Home/ Cookbook/ Charts/ Scatter

Scatter plot with regression

Two continuous variables, one dot per observation, an optional regression line. The chart that answers "are these two things related?" — yes, no, or "kind of, with outliers".

Charts · 15 of 20 1 primitive · Chart.Scatter ~15 min React · @corelithzw/react

Overview

Two continuous axes, one dot per data point, an optional fit line and confidence band. The fastest way to spot a relationship — or refute one.

Scatter plots answer correlation questions: does this go up when that goes up? They also reveal what other chart types hide: outliers (the dots that don't sit on the line), clusters (clumps that suggest sub-populations), and heteroscedasticity (spread that grows with the value). A regression line on top tells you the direction and steepness; a confidence band tells you how confident the data is in that fit.

Reach for it for any two-variable comparison with more than 20 observations — operator output vs. shift length, household size vs. monthly spend, package weight vs. delivery cost. Skip it for time series (use a line), for category counts (use bars), or for under 10 points (just print the numbers).

The opinion: show the regression line by default, but always state the R² nearby. A confident-looking line with R² of 0.08 is a lie; the chart should call out its own weakness.

The chart

Operator shift-length vs. entries logged. Positive correlation with a clear ceiling around 11 hours.

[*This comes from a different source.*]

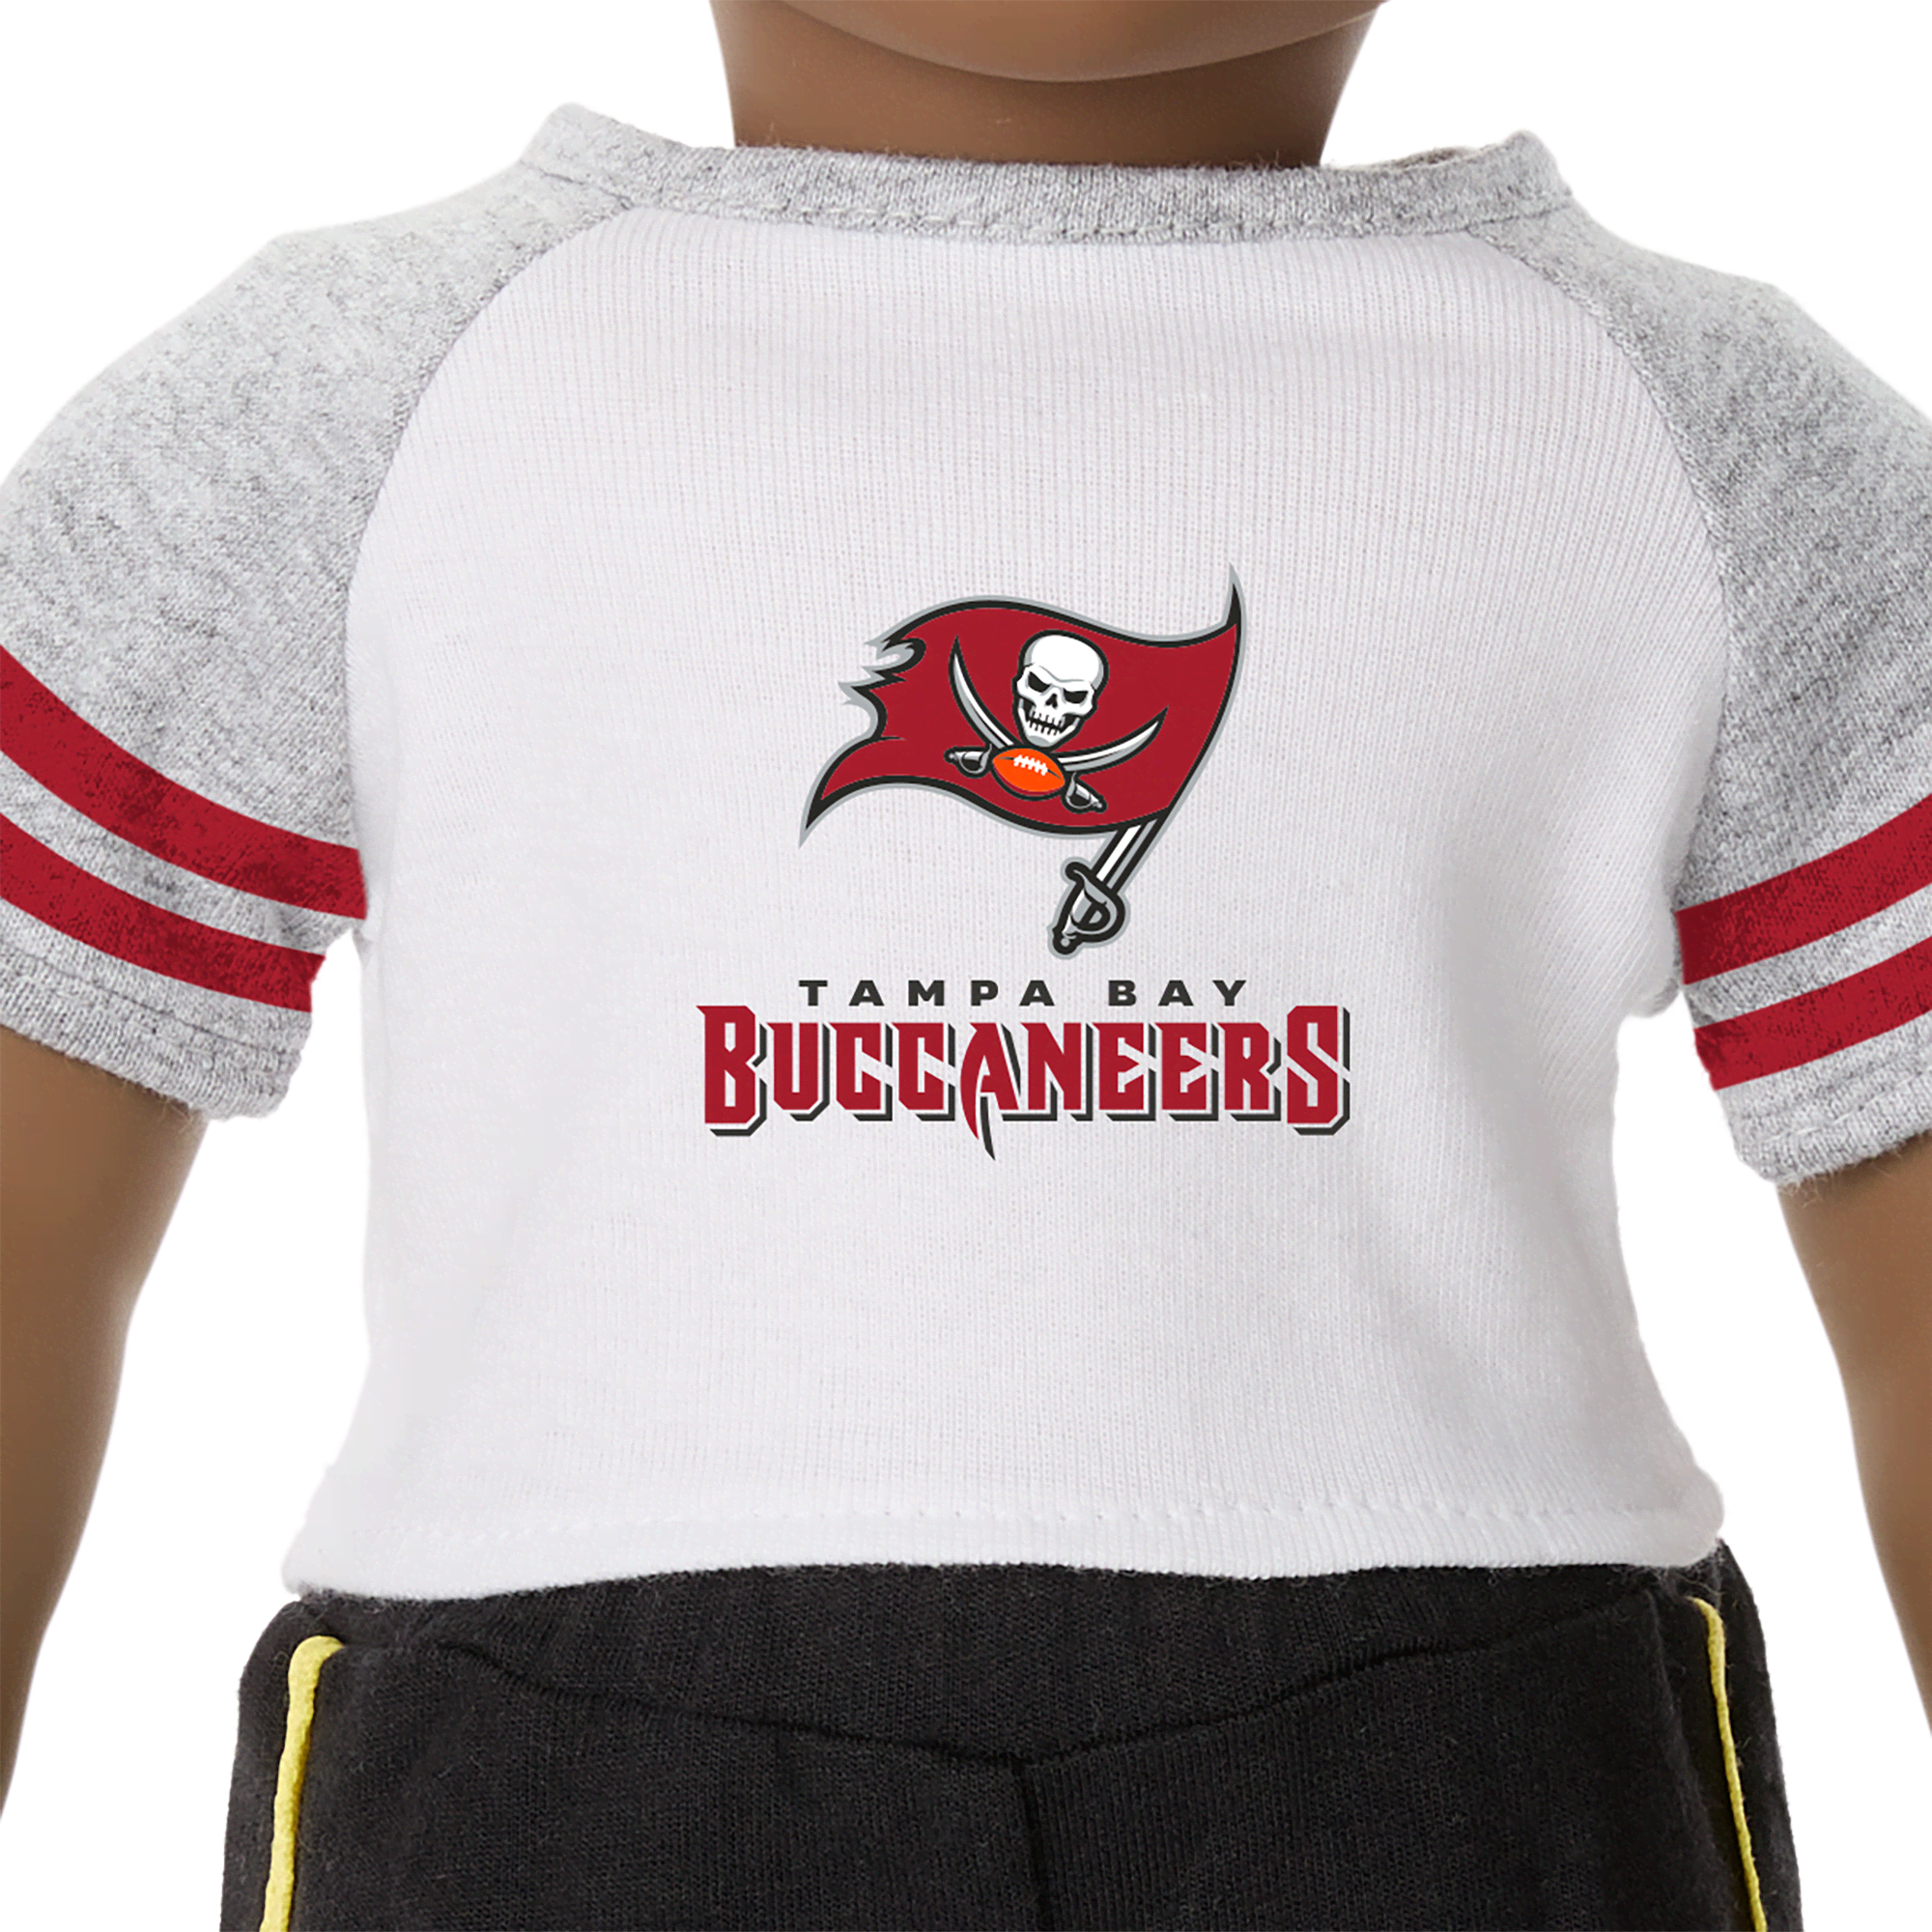 American Girl® x NFL Tampa Bay Buccaneers Fan Tee for 18-inch Dolls

Shift length vs. entries logged 40 observations of operator shifts. R² of 0.62 — strong positive correlation. Outliers cluster above 9-hour shifts where entries plateau. 0 20 40 60 80 4h 6h 8h 10h 12h R² = 0.62 n = 40 Shift length Entries logged

Required pieces

Roadmap: Chart.Scatter with built-in OLS regression and outlier detection ships in v0.2. v0.1 users compute regression server-side and pass the fit line as a sibling.

React snippet

Pass data with x and y; the chart fits the regression.

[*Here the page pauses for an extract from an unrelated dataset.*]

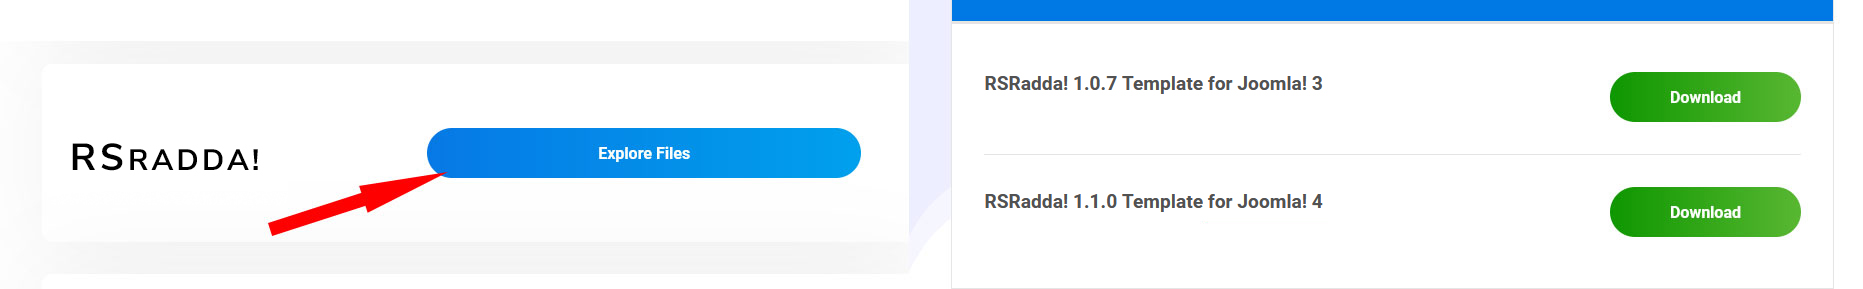 RSRadda! for Joomla! 4

Chart.Scatter@corelithzw/react

Customising

Bubble (third dimension as size)

Encode a third numeric variable as dot radius. Useful for "value, frequency, recency"-style three-axis comparisons.

<Chart.Scatter
  data={data}
  xAccessor="x"
  yAccessor="y"
  sizeAccessor="count"
  variant="bubble"
/>

Grouped by category

Colour-code dots by a categorical variable — region, role, age band. Reveals whether the relationship varies by group.

<Chart.Scatter
  data={data}
  colorAccessor="region"
  legend
  regression="per-group"
/>

No regression line

Sometimes you just want the cloud — for exploration, before you commit to a fit.

<Chart.Scatter
  data={data}
  regression={false}
  pointOpacity={0.5}
/>

In context

Inside an exec dashboard row card. Title and R² in a stat-card-style header; the scatter sits underneath.

Shift length × Entries
40 shifts · October
R² 0.62 · strong

Accessibility

Hundreds of dots and a fit line are nearly impossible to read non-visually without a summary statement. Lead with the statistics.

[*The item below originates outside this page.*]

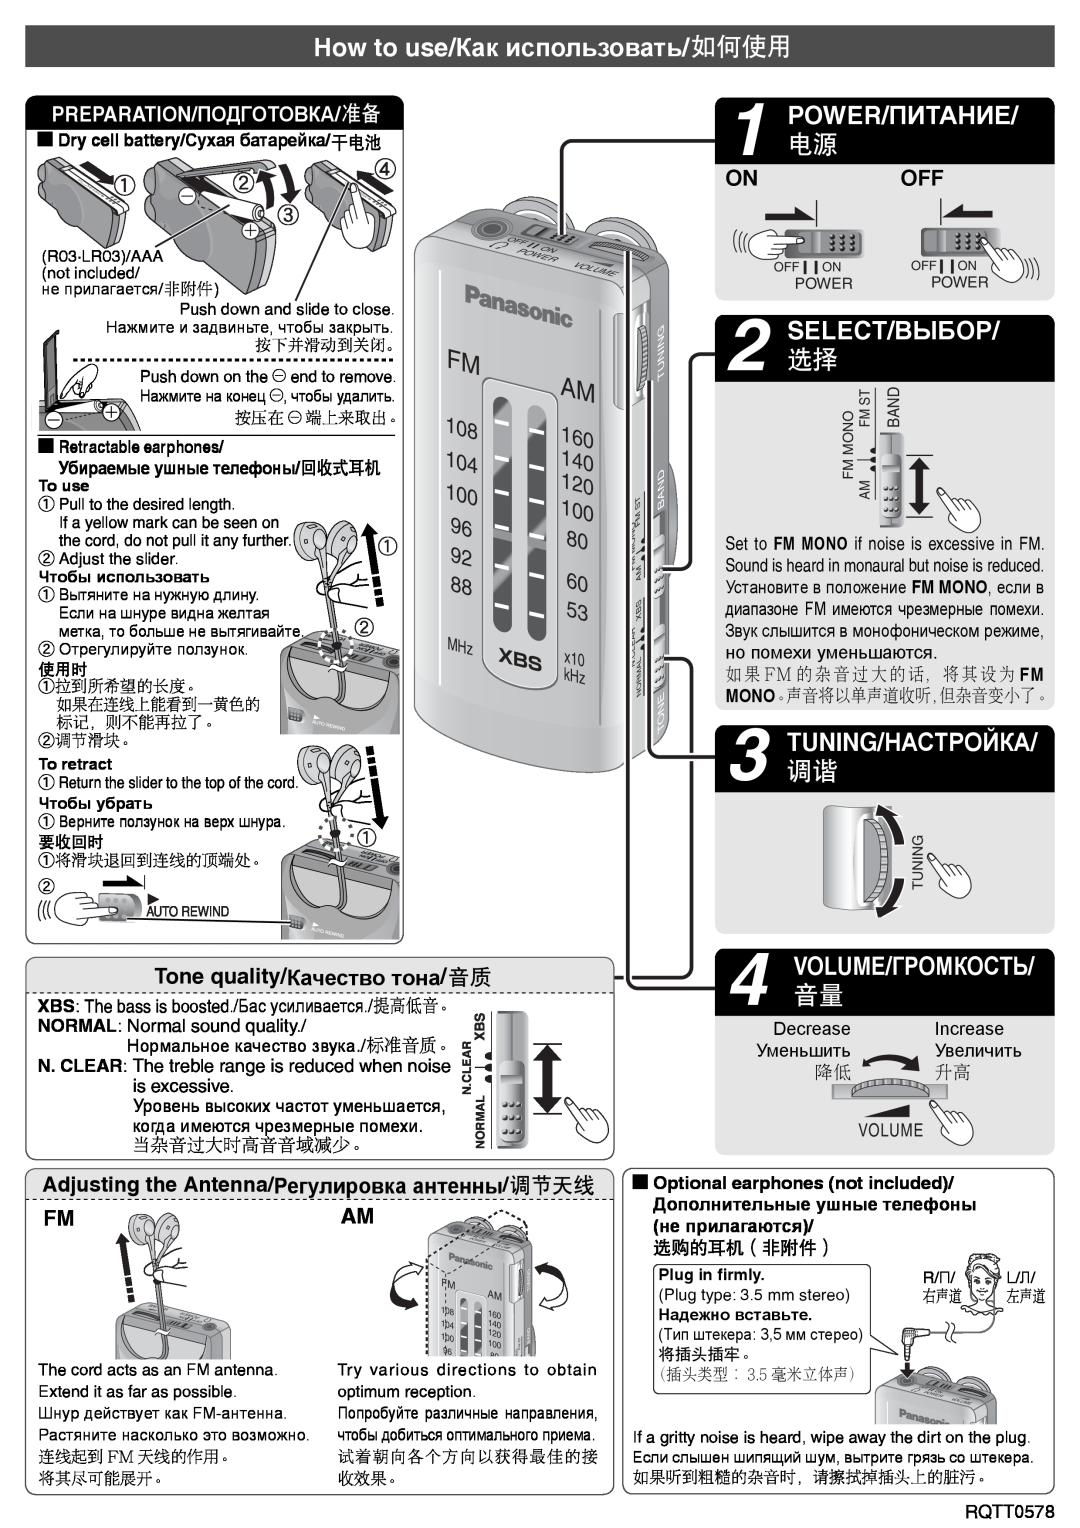 Panasonic RF-NA06R Onoff, Tone quality/Качество тона, Adjusting the Antenna/Регулировка антенны, Power/Питание, Tuning

  • One role="img" per scatter. Inside, <title> names it and <desc> states n, R², slope, and any obvious clusters or outliers.
  • Aria-label leads with the verdict. "Shift length vs. entries logged, positive correlation, R squared 0.62, two outliers above 10 hours" — not "Scatter plot with 40 dots".
  • Outliers carry a non-colour cue. Red dots are also labelled "outlier" in the desc and listed in the fallback table; colour-blind users hear them by name.
  • Hidden numeric table. Every data point appears with its x, y, group, and "outlier" flag in an sr-only <table>.
  • Keyboard nav by data point. Tab enters the chart; left/right arrows move to the next-nearest point along x; the value is announced.
  • R² is text, not a colour. "R² = 0.62 · strong" appears as a visible badge so screen readers and colour-blind users get the confidence without the chart shape.